22 October 1999, Volume
3, Number
41
Montenegro On The Threshold Of Independence? The people of the rugged, mountainous republic of Montenegro have long been known as jealous guardians of their freedom and independence. Their history has, however, also been characterized by their reluctance to settle once and for all a fundamental question of their national identity: are they a distinct nation, or a very special branch of the Serbian people?
That question has recently emerged anew. In the wake of Serbia's military defeats, international isolation, and ever deepening economic and political malaise, an increasing number of Montenegrins are rethinking their relations with Belgrade. A large number of Montenegrins want to stay with Serbia regardless. But at least a narrow majority do not want to stay locked into a relationship that is dragging Montenegro down.
President Milo Djukanovic, who had previously supported Slobodan Milosevic, best represents this shift in Montenegrin thinking. He has argued that Montenegro's interests will best be served by remaining united with Serbia, but only in a loose and democratic confederation. If Serbia remains undemocratic and refuses to negotiate seriously with Montenegro, then, he argues, it is time for his republic to "think of its own interests."
Whether as part of a joint state with Serbia or on its own, Djukanovic and his supporters want Montenegro to have democracy, a market economy, and close ties to the outside world. They have sought the support of democrats in Europe and beyond. (Patrick Moore)
Djukanovic Counts On The 'Critical Mass.' President Djukanovic visited RFE/RL in Prague on 20 October. He stressed that a "critical mass" for change has built up in Montenegro in recent months. People want to press ahead with democratization and market reforms, even if this means leaving the Federal Republic of Yugoslavia. Those who feel this way are not romantic old nationalists, but primarily impatient young people, he added.
There are many Montenegrins who deeply want to remain united with Serbia come what may. But Djukanovic feels that Yugoslav President Slobodan Milosevic will not be able to manipulate these people as easily as he did the Serbs of Croatia, Bosnia-Herzegovina, and Kosovo starting over a decade ago.
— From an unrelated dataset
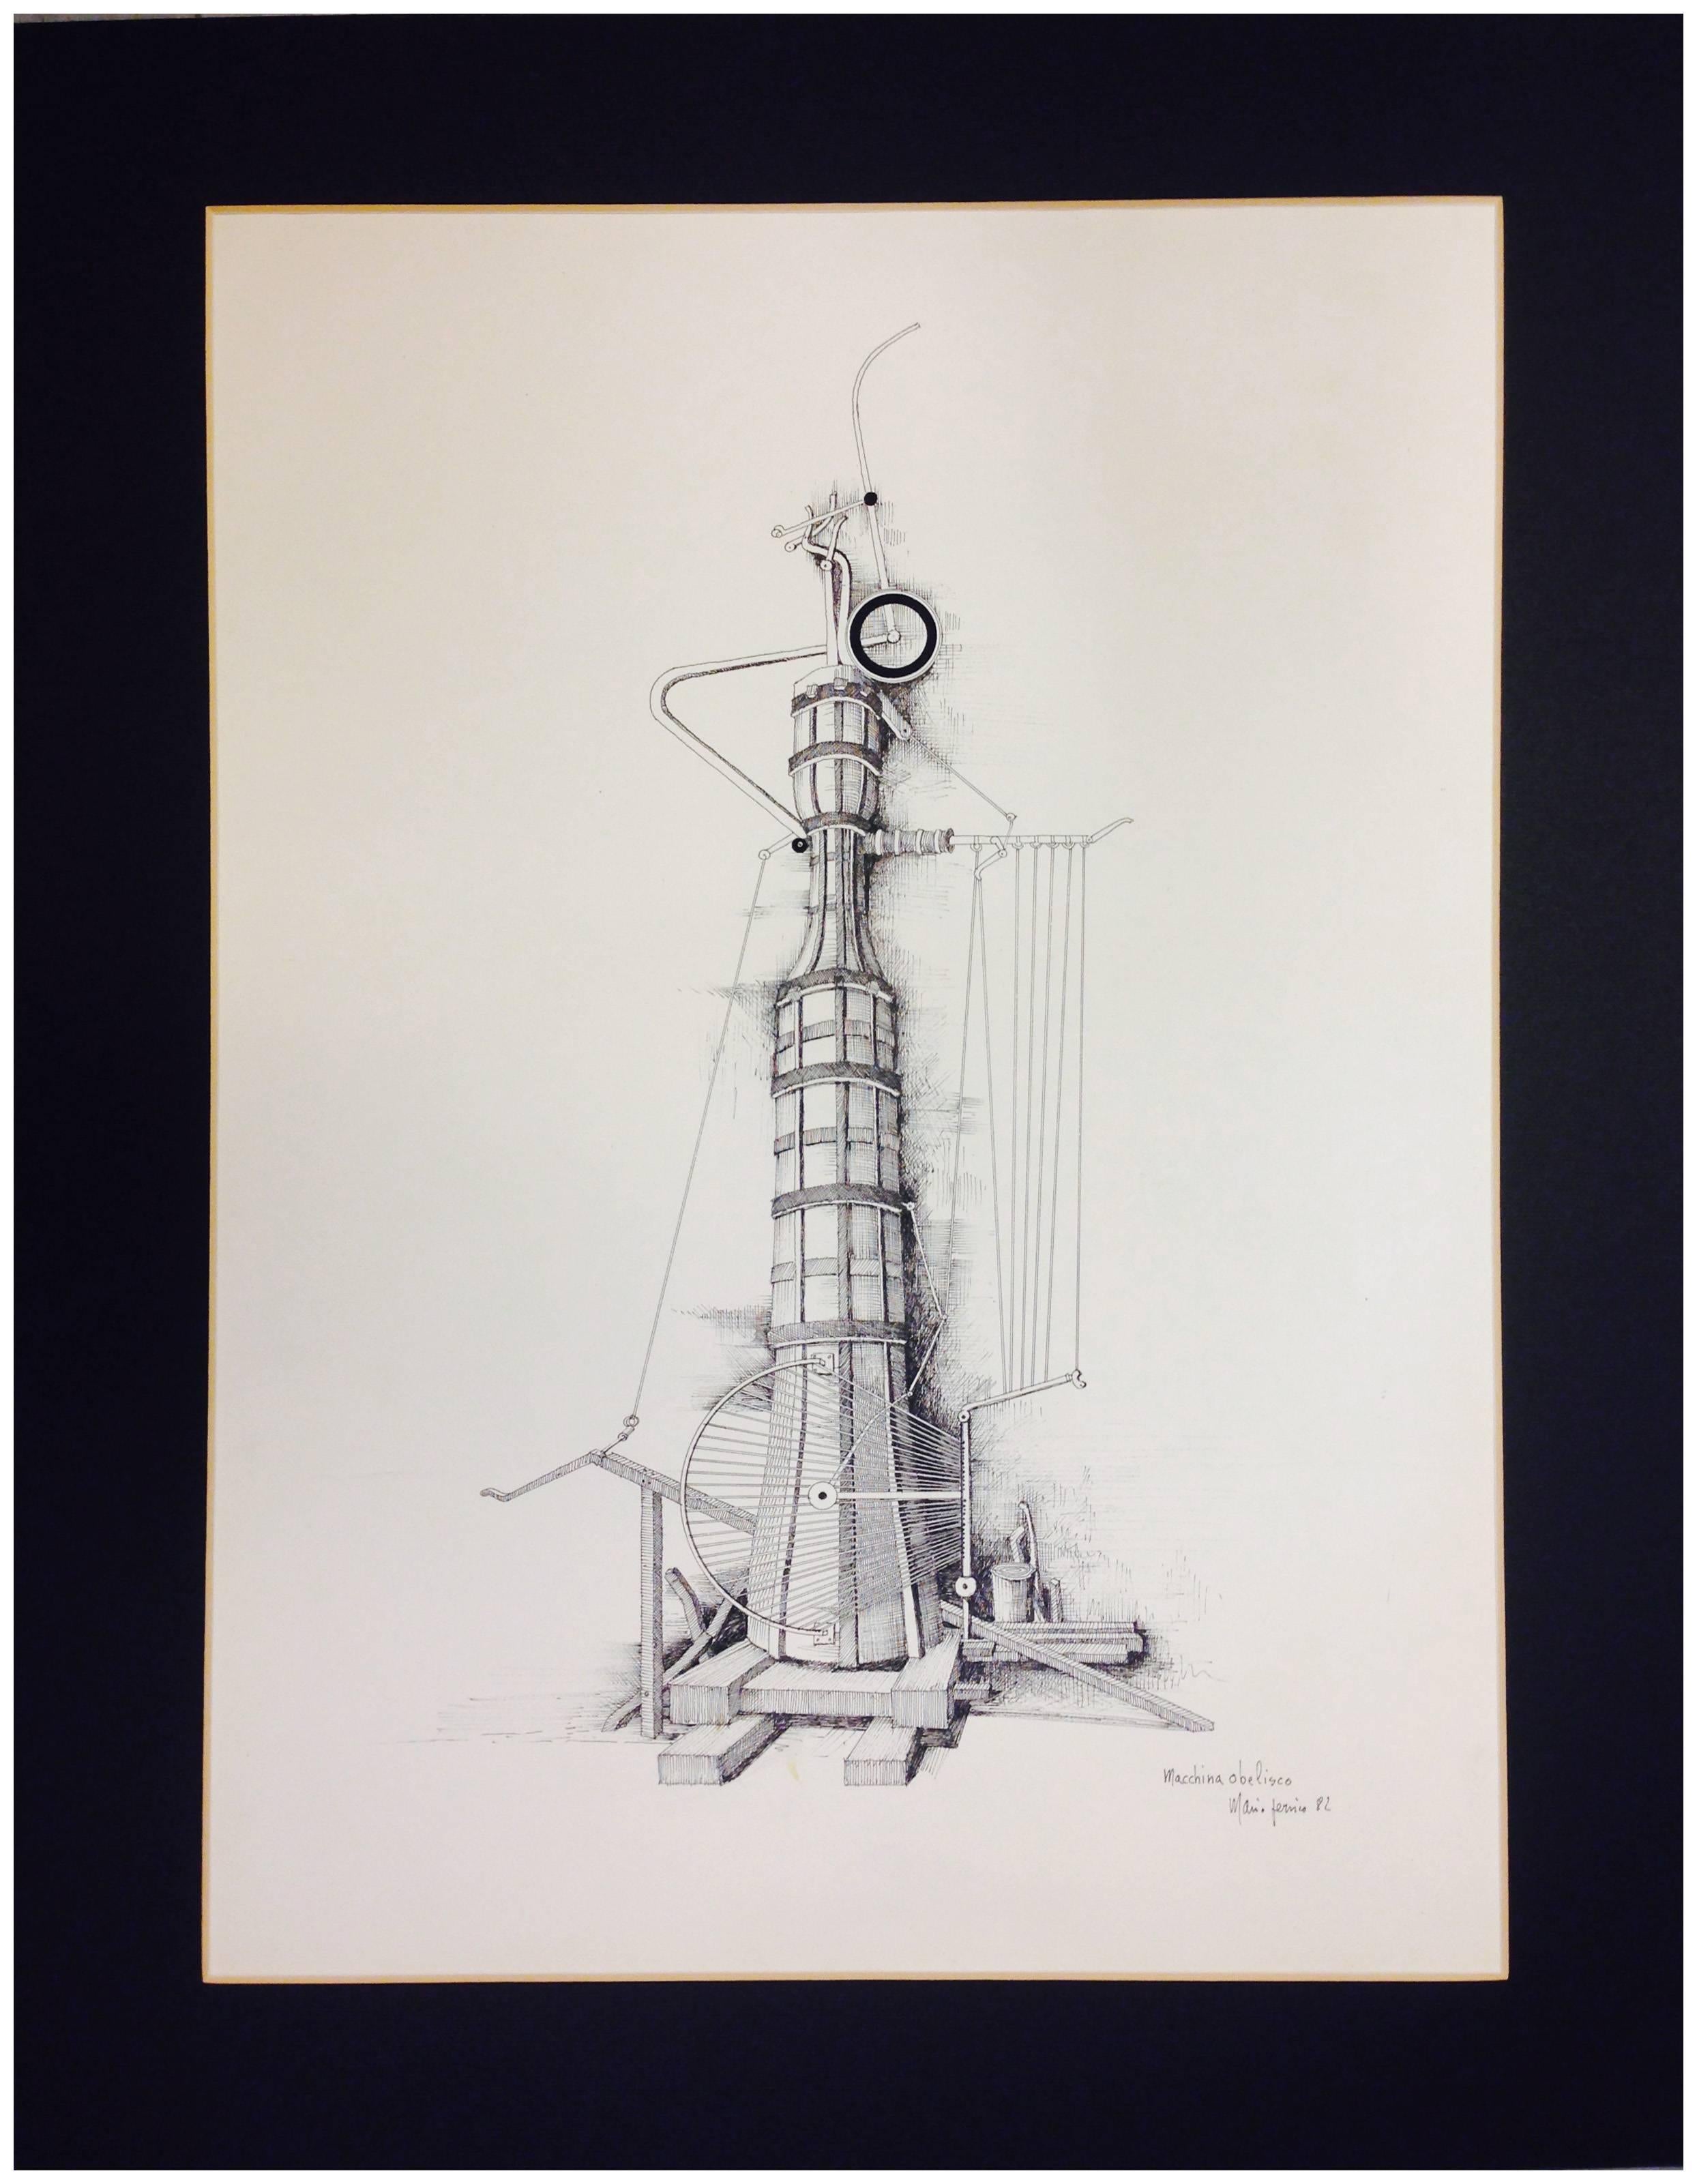 Macchina obelisco -Contemporary - Mario Persico Italia 1982 - China on paper cm. 50 x 35. Black laquered wooden frame cm. 64 x 49

The Montenegrin leader cited three reasons for his confidence. First, pro-Serb Montenegrins know that Milosevic ultimately deserted his supporters in those three areas and left them dead or as refugees. Second, democratic forces in Montenegro are too strong for Milosevic to do as he pleases there. And third, the international community has tens of thousands of troops stationed in the western Balkans and will not easily let Milosevic start a new war, Djukanovic continued.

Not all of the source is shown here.